DATA BLOCK »

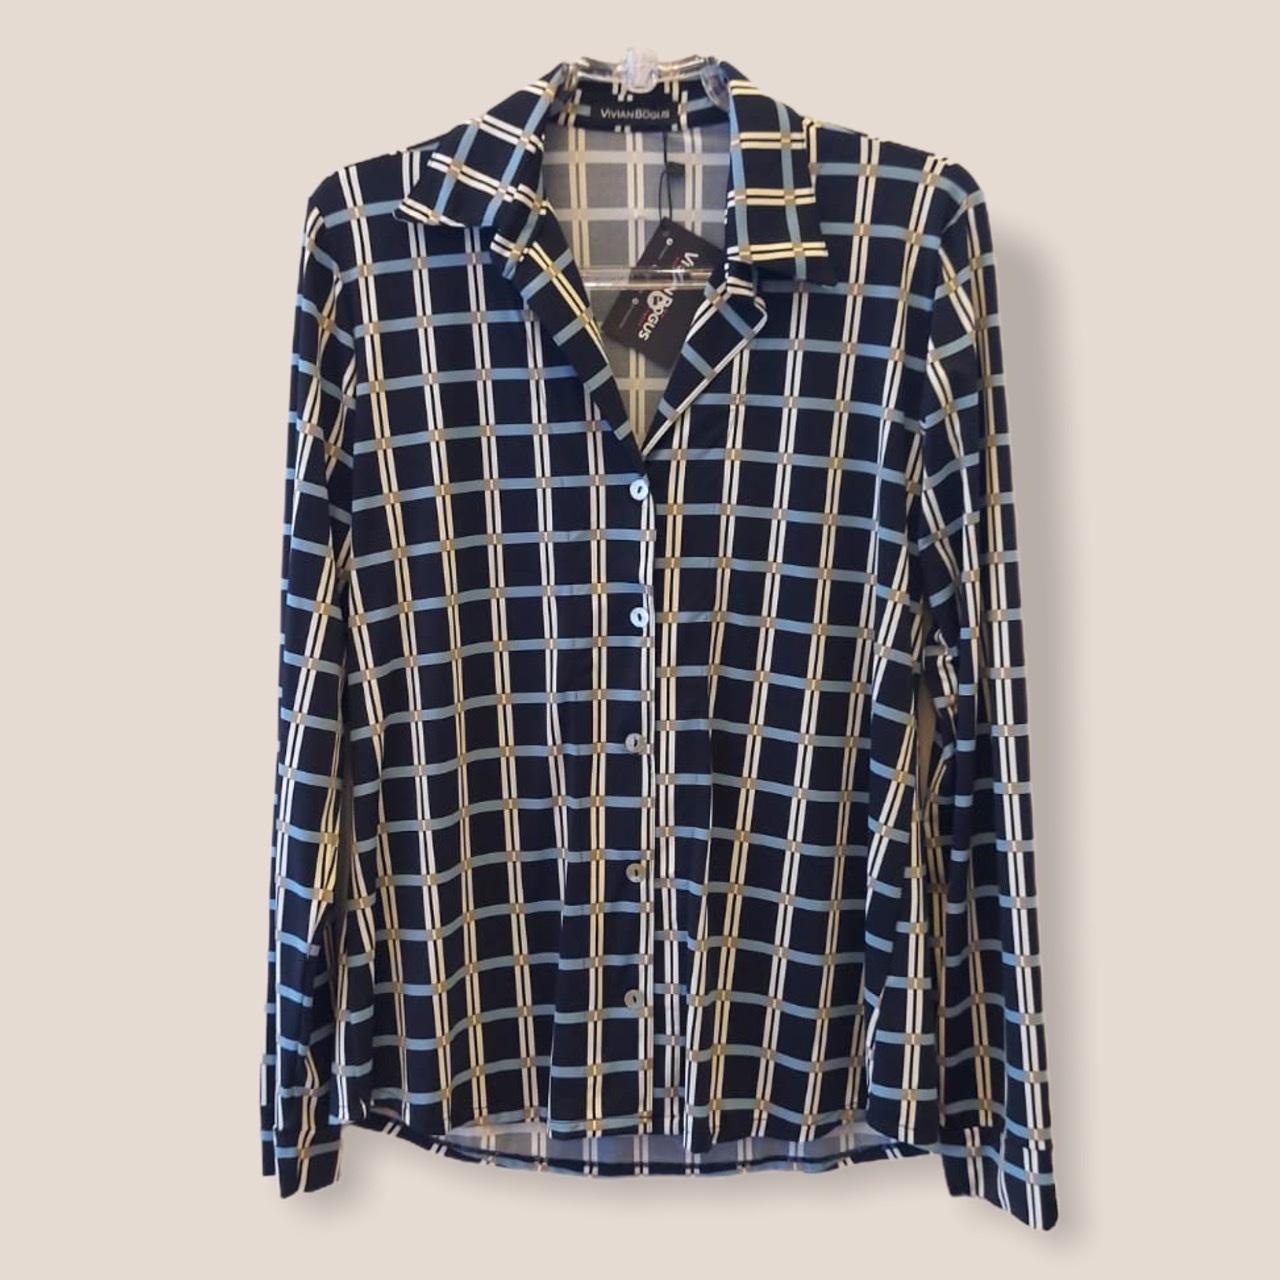 Camisa em malha fria estampada xadrez  - Vivian Bógus
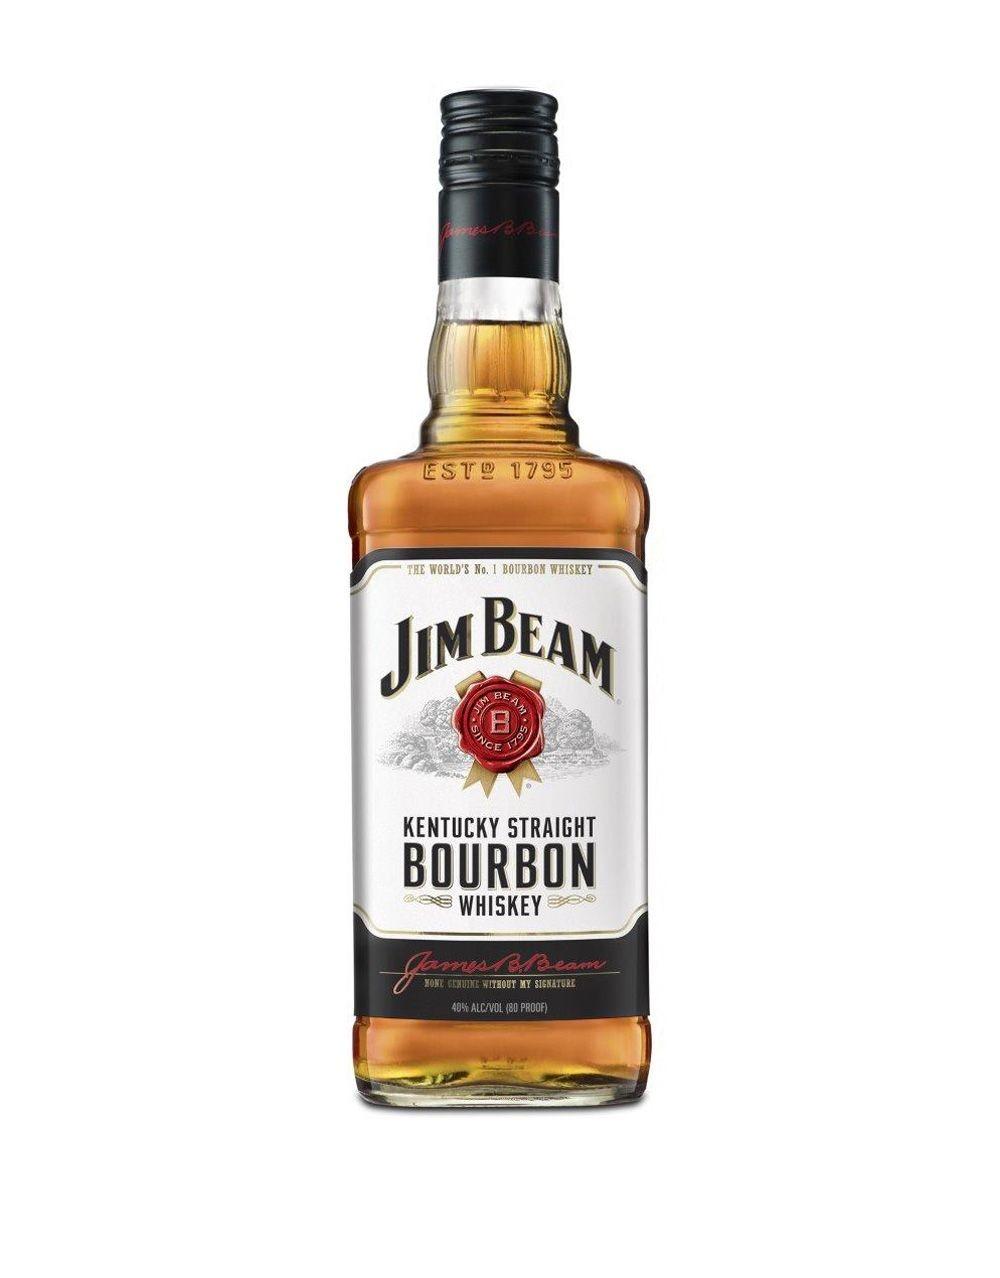 jim beam bourbon whiskey buy online or send as a gift reservebar
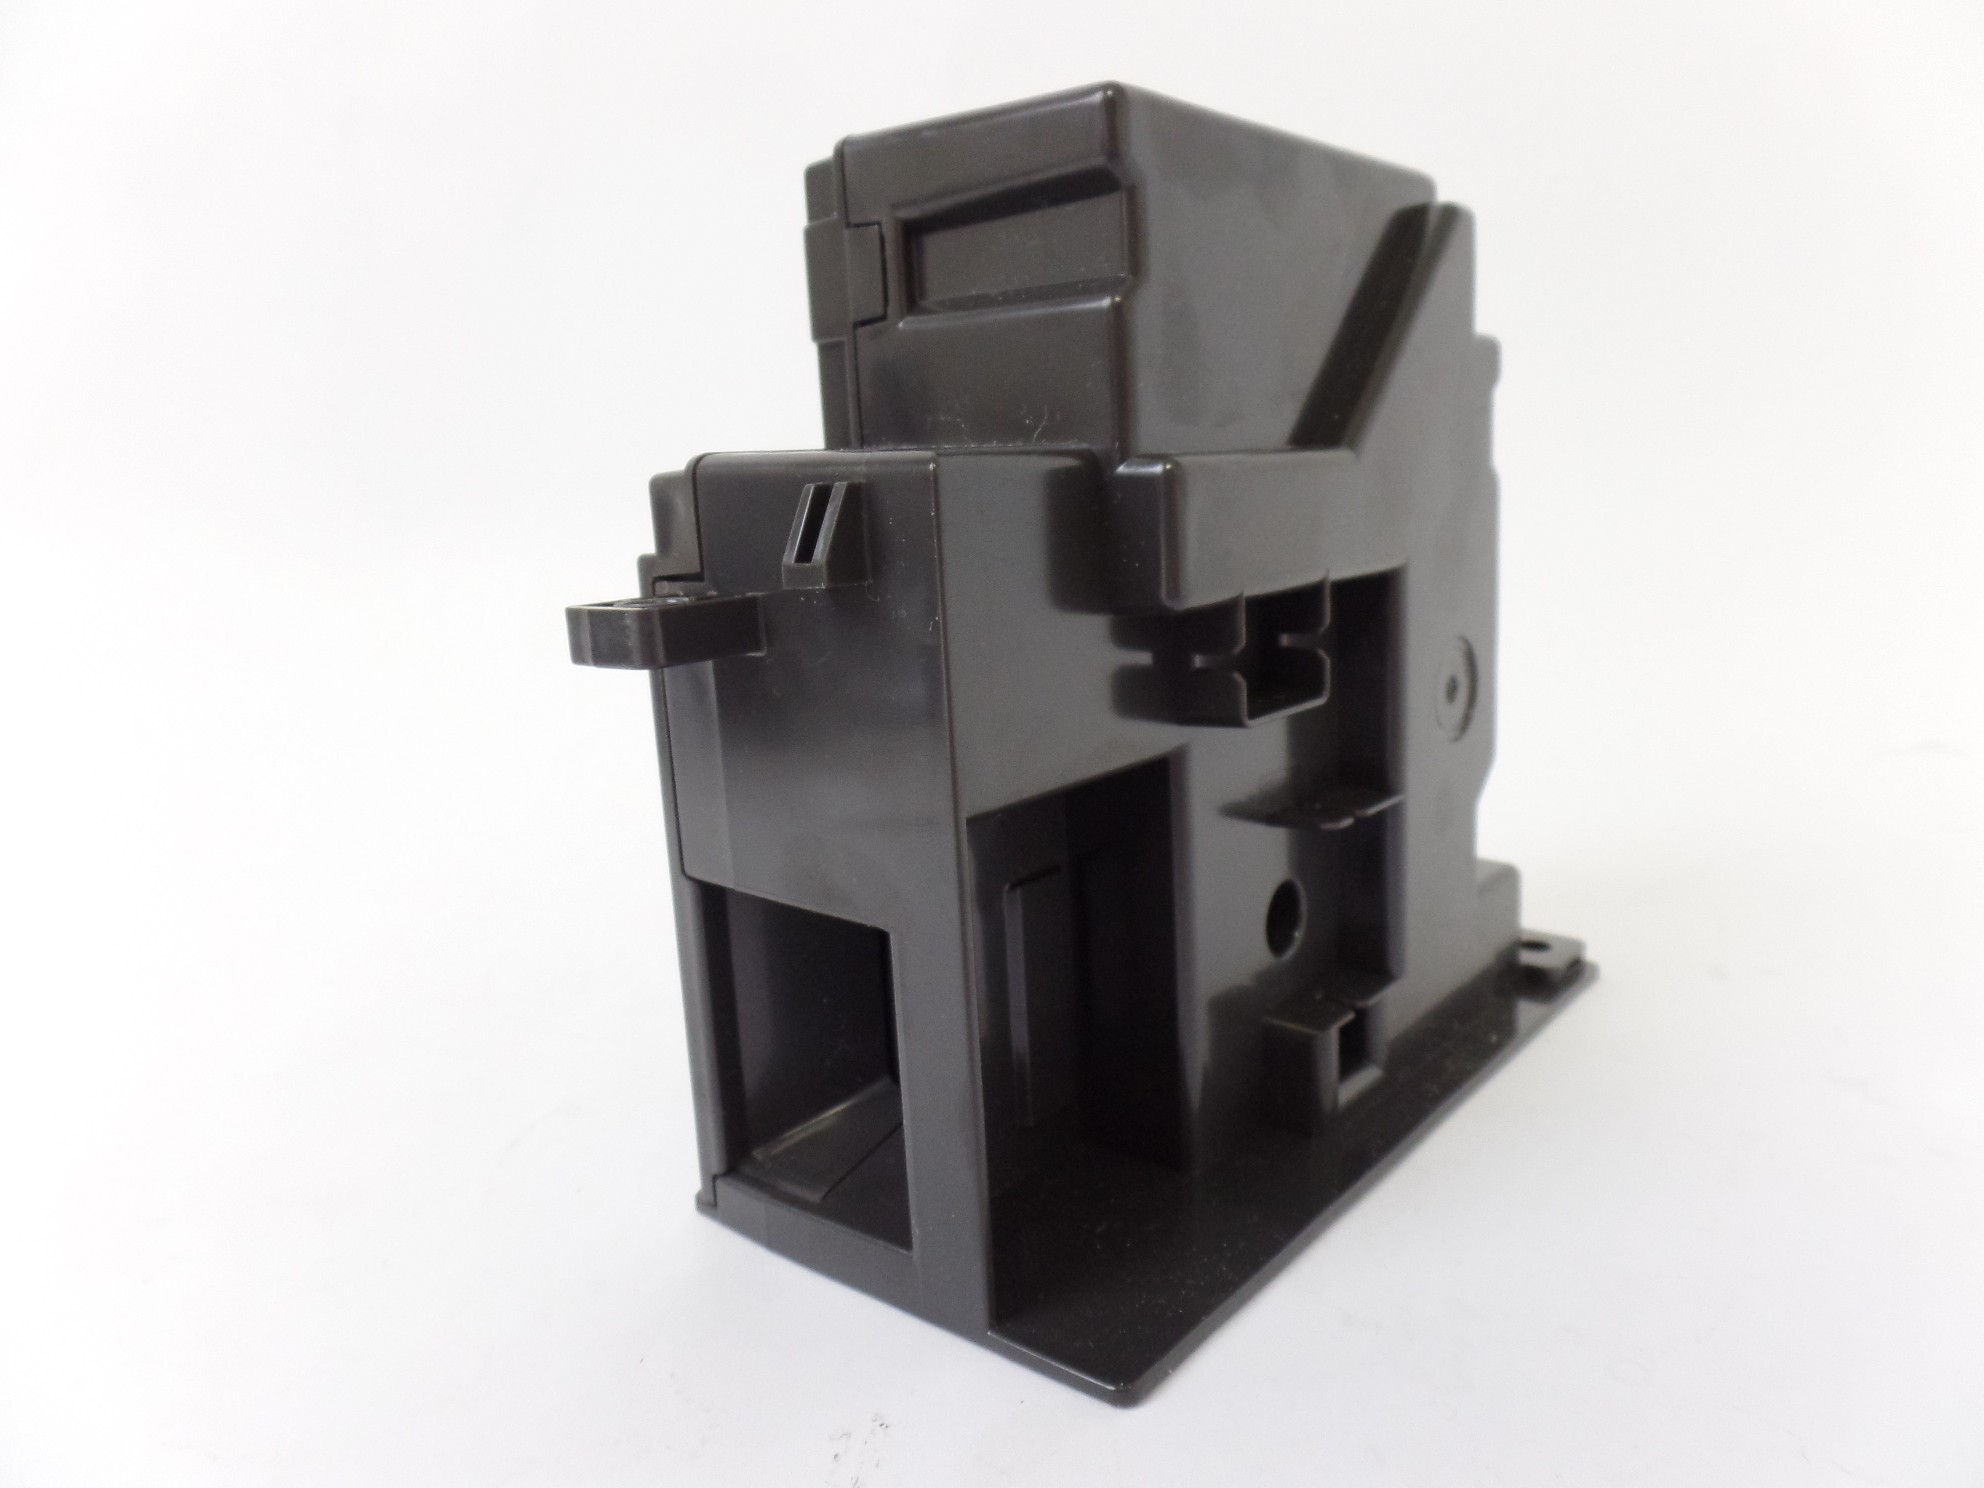 OEM Canon AC Power Adapter K30342 For Canon PIXMA MX432 MX439 MX452 Printer
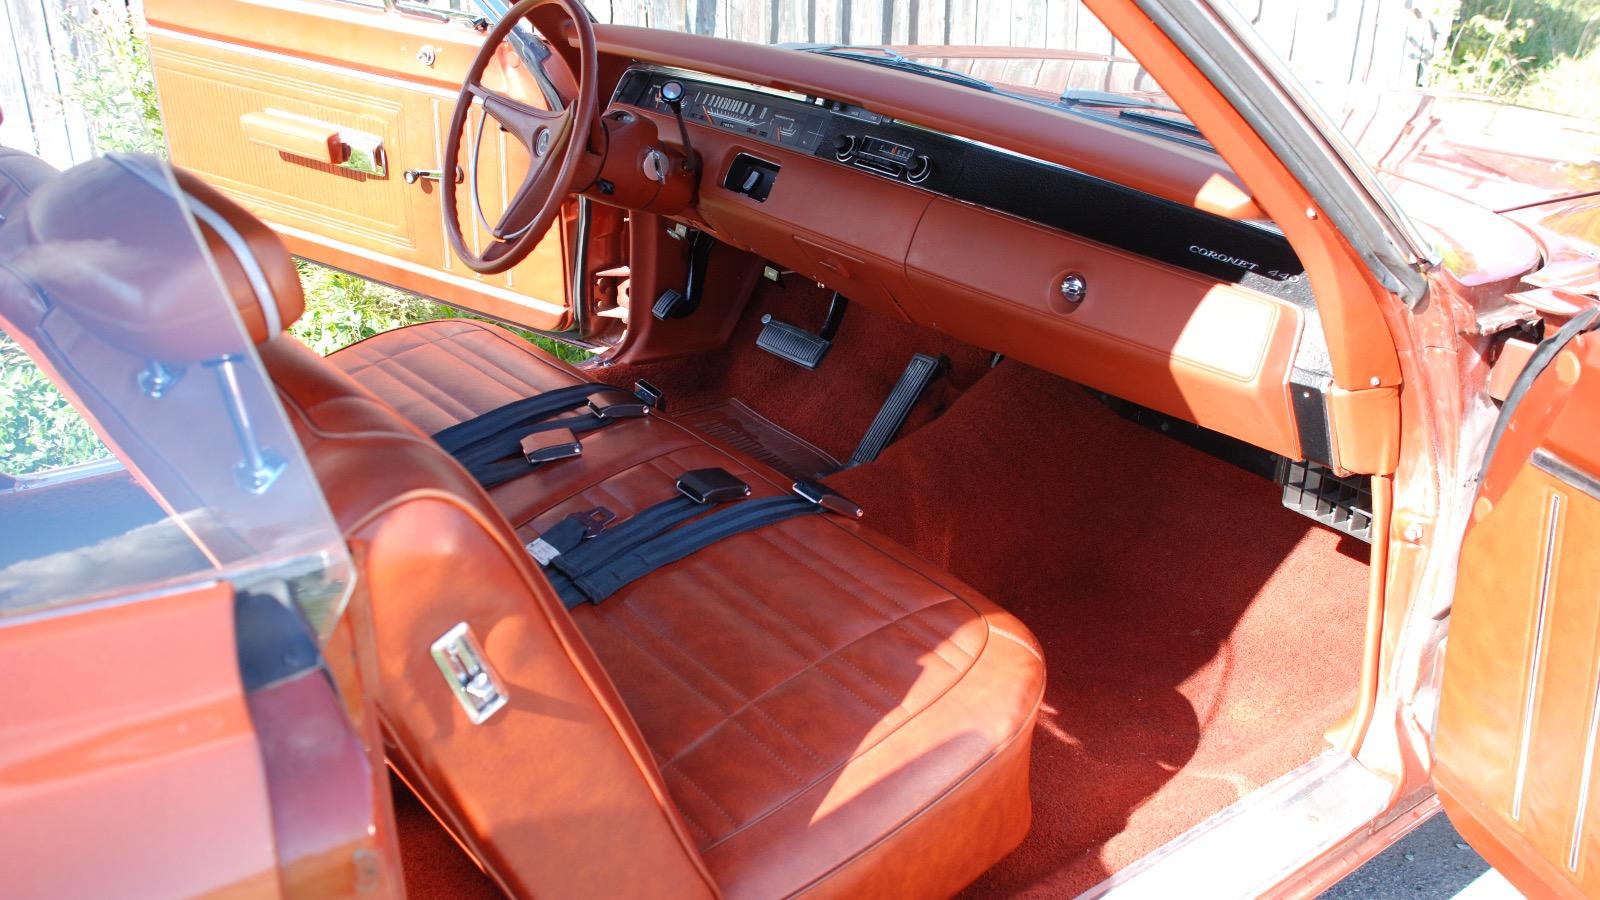 Helhetsinntrykket av bilen forsterkes med det brun-oransje interiøret.

ASSIGNMENT » The reply should consist only of the lines running from the one with "OEM Canon AC" through the end of the material, both included, copied exactly; please omit pictures.

FINISHED TASK »
 OEM Canon AC Power Adapter K30342 For Canon PIXMA MX432 MX439 MX452 Printer
 Helhetsinntrykket av bilen forsterkes med det brun-oransje interiøret.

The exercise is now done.